One way to learn about your relationship to self is through journaling exercises. The exercises are a way of looking at self through a different lens. In my book THE MAGIC THEATER: YOUR PERSONAL JOURNAL I have an exercise that asks you to look at the messages you received growing up and accepted without consideration. I recall working with a young woman who believed she could fall in love with someone at the Country Club and be happier than meeting someone in a less elite setting. And, of course, this meant maintaining that imagine to capture her man and keep him. I had a friend tell me that men stayed married and monogamous only when the wife stayed beautiful. And she spent every dollar she could gather on plastic surgery to fit that belief.
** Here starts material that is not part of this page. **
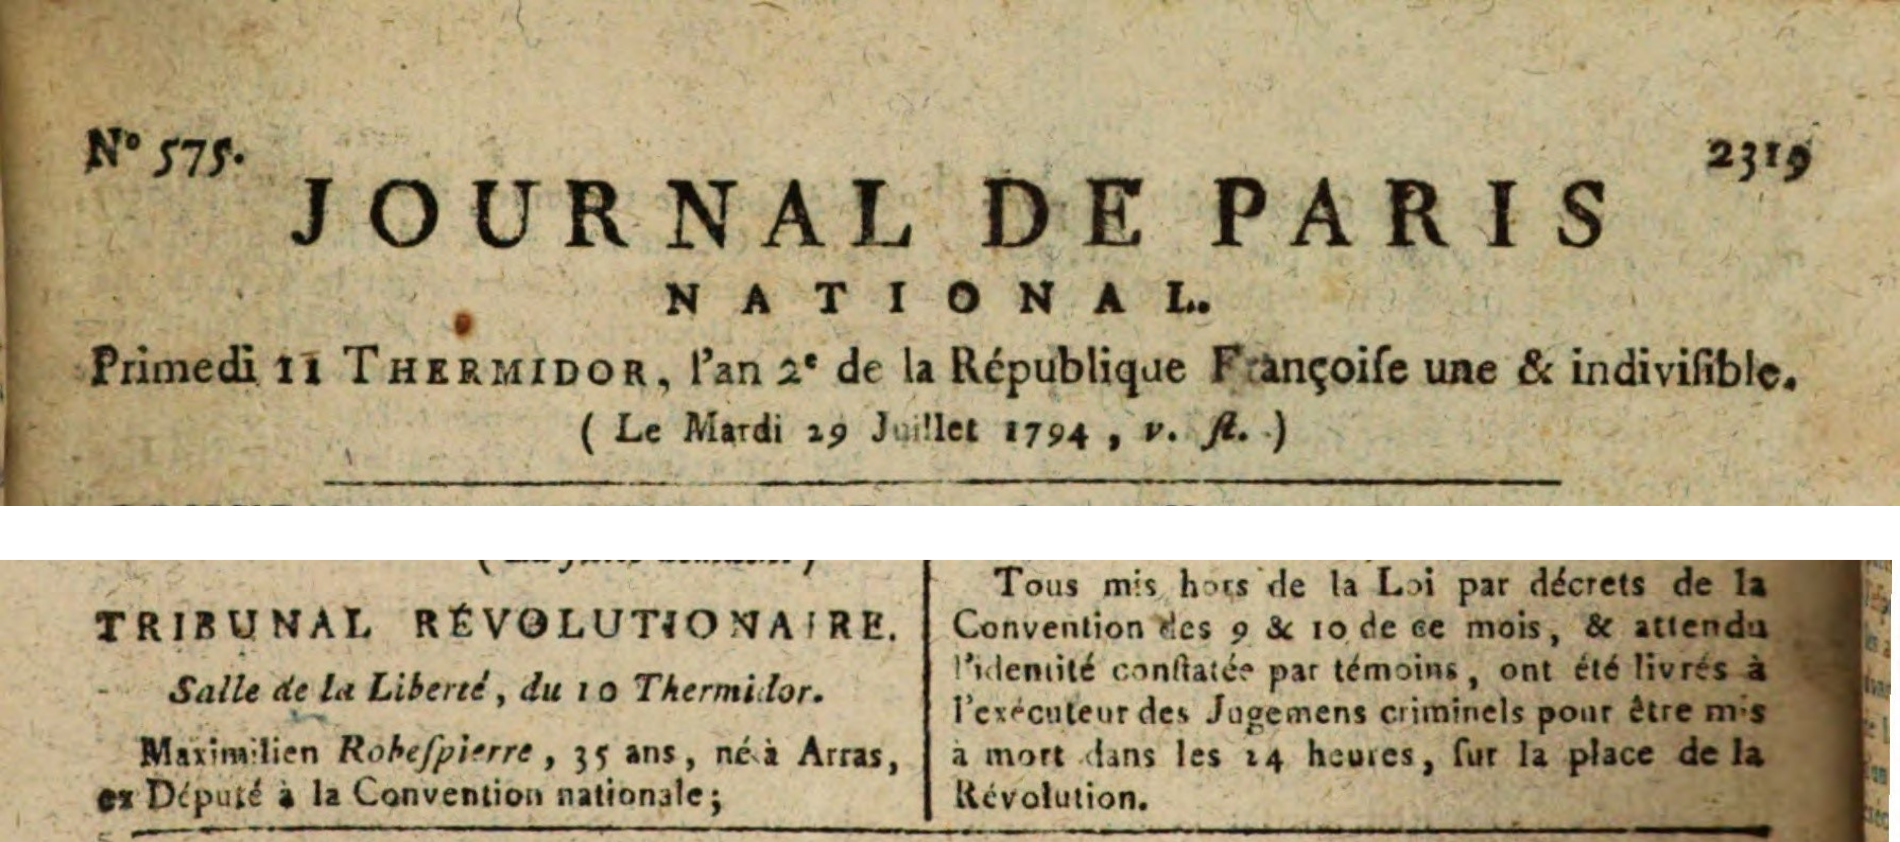 Robespierre's execution, Journal de Paris, 29 July 1794

Another male friend let his family talk him into the career that the men in his family followed for generations when he wanted to do something totally different. He ended up bankrupt.

Once when I was doing bankruptcy counseling, I had a client who had a good job, had remodeled his newly purchased home and was filing for what he hoped would be a Chapter 7, the write off bankruptcy. He had money for extras like DVDs for his video collection, an outlandish food budget, and frankly told me he didn’t want to live like a pauper. His lack of knowledge of self lead him into writing off the contractors who made his home beautiful without concern that this put them in difficult financial situations.

These people never faced the reason for their spending. As a result, their spending yanked them around and in most cases created pain and suffering for others. In the case of the woman hung up on beauty, her marriage ended in divorce. The man eventually remarried someone not wearing size 3 clothing and obsessed with her image, but one that gave him warmth and affection. He’s happier than he ever was. What have you considered as truth? Have you really challenged that belief?

What part of you have you given away and yearn for? Even keeping a daily journal of “to-do” lists and what you did has great value if you go back and read it over, looking for patterns that can lead you to awareness of what you are doing. But journaling is only one way to get to know yourself better.

You have all the answers within. You just don’t know how to reach them. To start your Hero’s Journey, as mythologist Joseph Campbell calls it, begin with more insight. There are some wonderful books out there about the wisdom hidden myths. Look into the work of Campbell and Jung. Among my mentors you will find Clarissa Pinkola Estes, especially her WOMEN WHO RUN WITH WOLVES, and Gregg Levoy’s CALLINGS: FINDING AND FOLLOWING AN AUTHENTIC LIFE.

Finally, spend some time with the two noted humanistic psychologists, Abraham Maslow and Carl Rogers, who have written a great deal about this process of becoming authentic, knowing and loving self. Rogers calls it “fully functioning and says that It isn’t for the faint of heart. However, I assure you it IS worth the effort. Maslow is so adamant on the process, that he has written:

And when we are at peace with our self, we become at peace with our money. If you feel stuck taking this journey on your own, look for a good life coach or counselor who can assist you in finding what you are probably avoiding on some level, one who will help you excavate your true self.